*EXERCISE AIM*
An exact copy of all the lines below is required, with every image left out.

*COLLECTED MATERIAL*
+-------+

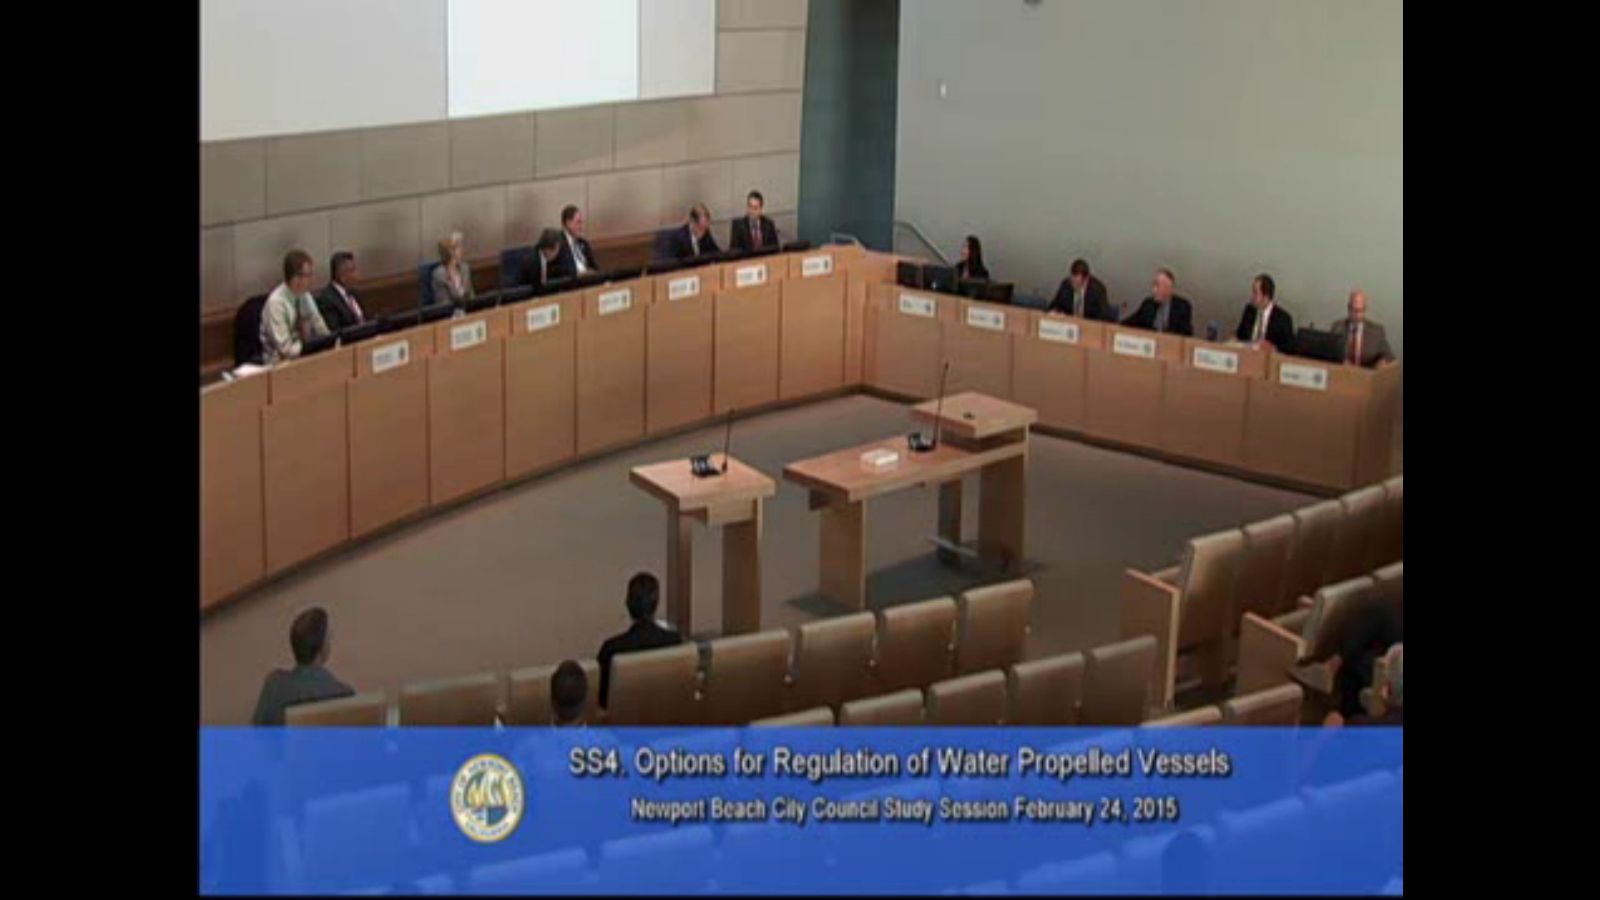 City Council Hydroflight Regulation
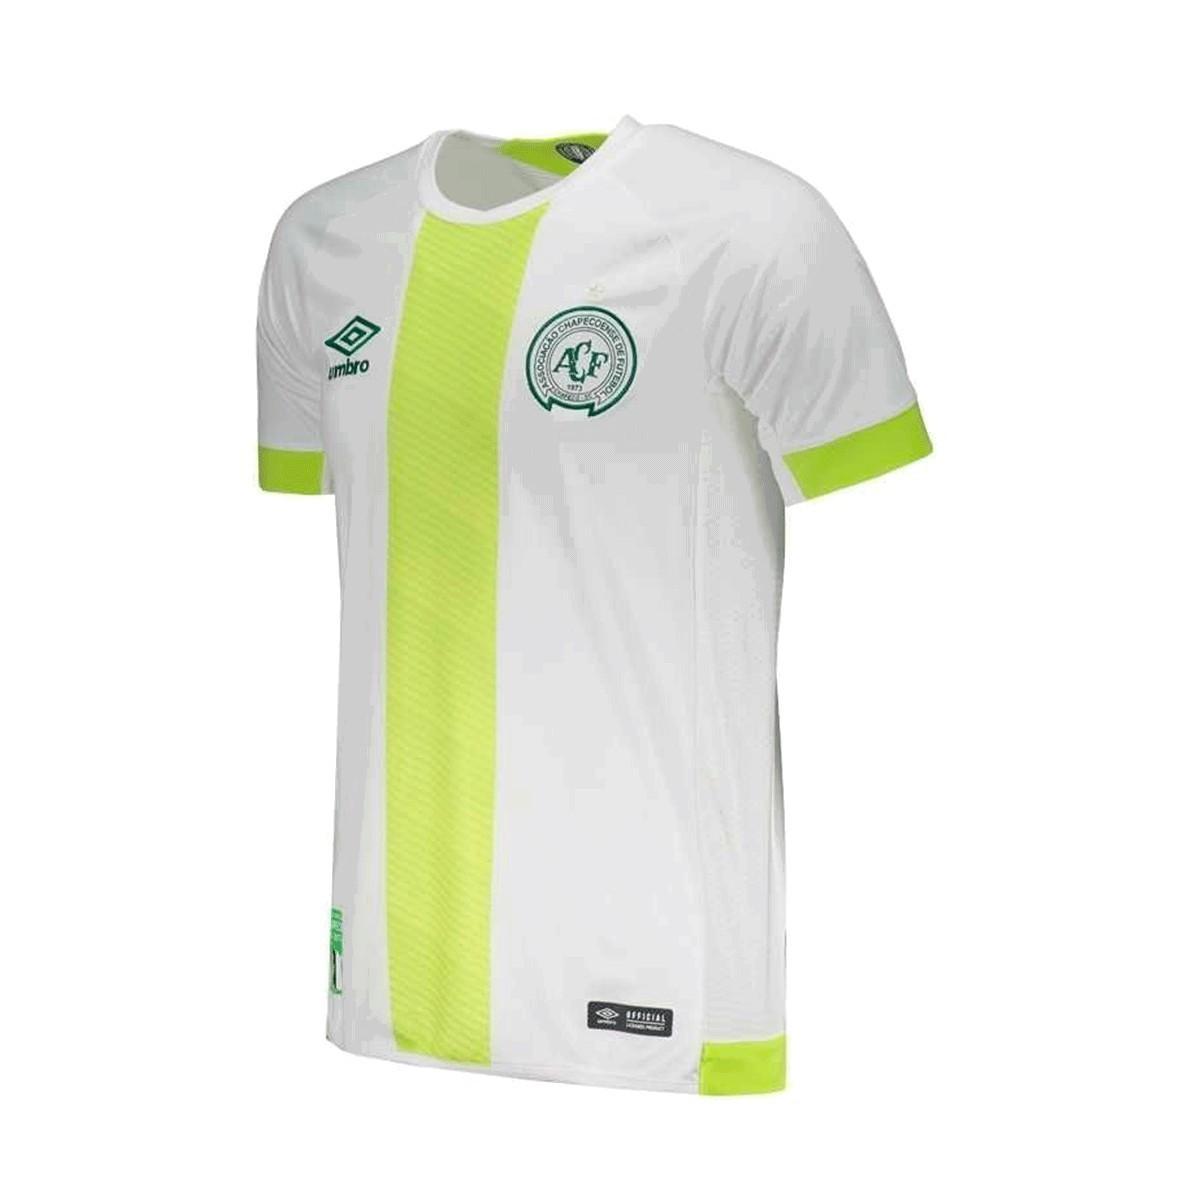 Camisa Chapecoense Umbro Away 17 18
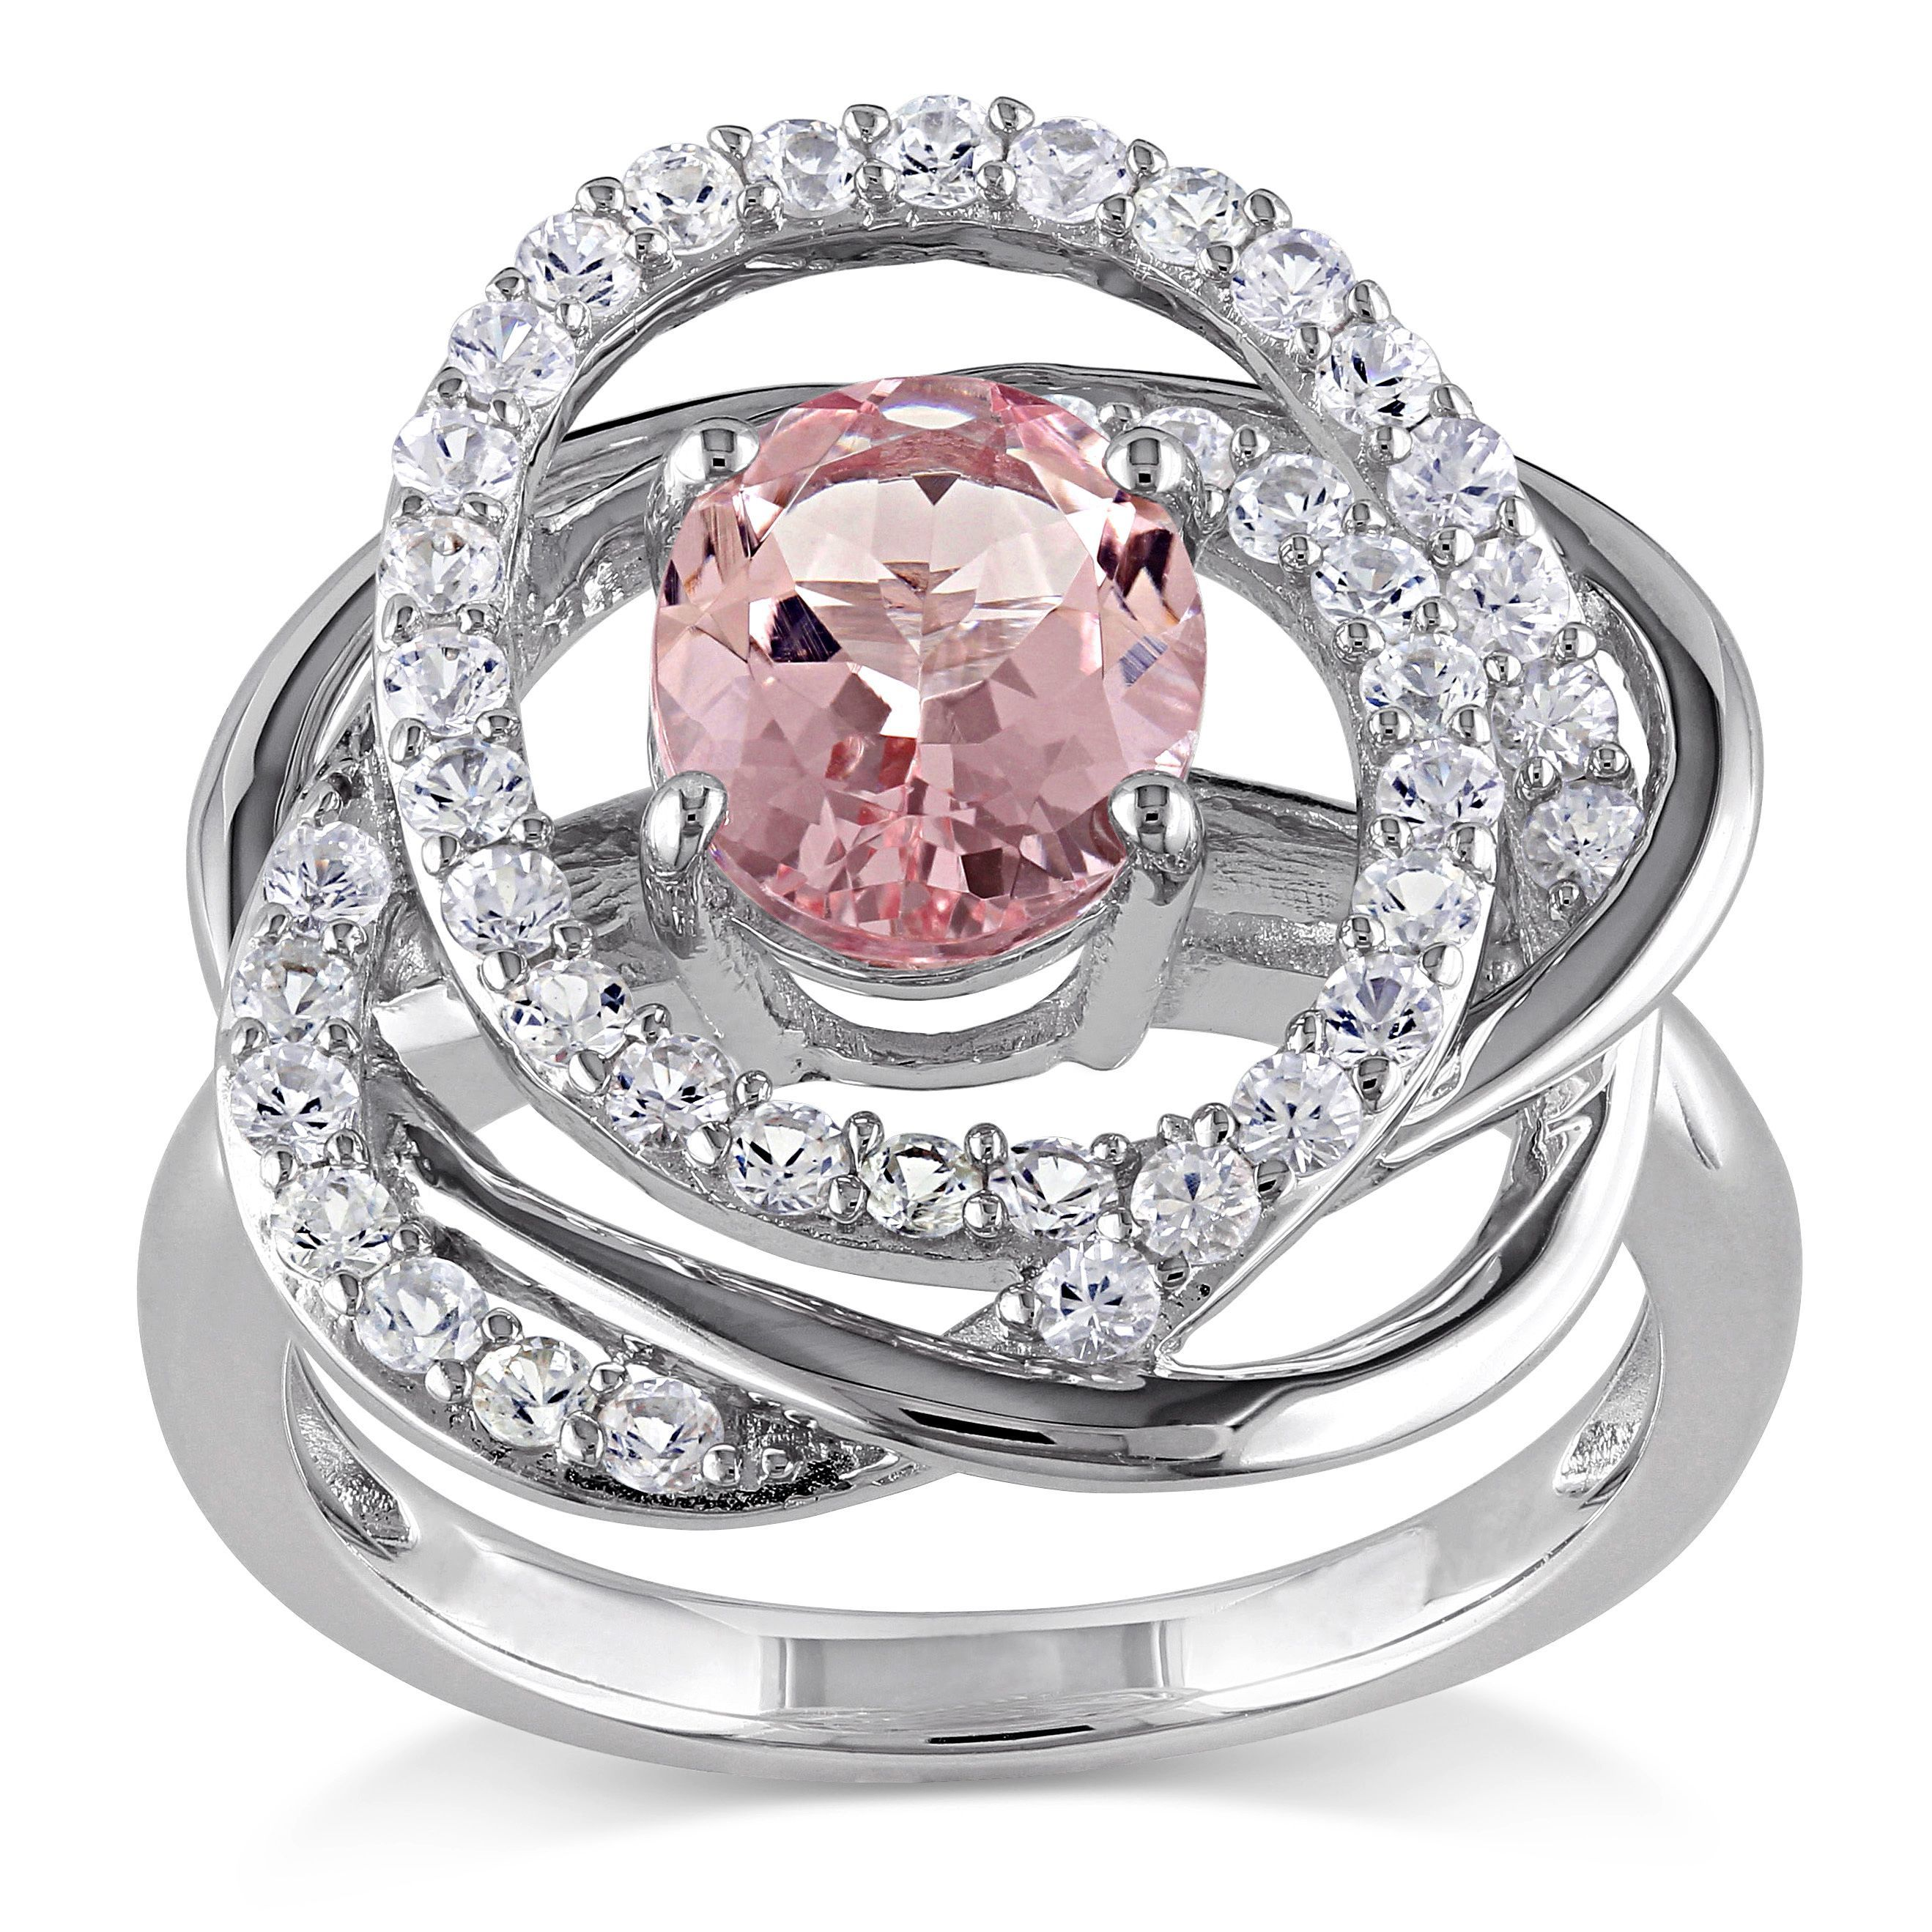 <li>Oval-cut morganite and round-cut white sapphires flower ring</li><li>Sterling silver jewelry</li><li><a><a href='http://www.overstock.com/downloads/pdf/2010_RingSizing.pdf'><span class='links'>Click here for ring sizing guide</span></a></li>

+-------+

*YOUR RESPONSE*
 City Council Hydroflight Regulation
 Camisa Chapecoense Umbro Away 17 18
 <li>Oval-cut morganite and round-cut white sapphires flower ring</li><li>Sterling silver jewelry</li><li><a><a href='http://www.overstock.com/downloads/pdf/2010_RingSizing.pdf'><span class='links'>Click here for ring sizing guide</span></a></li>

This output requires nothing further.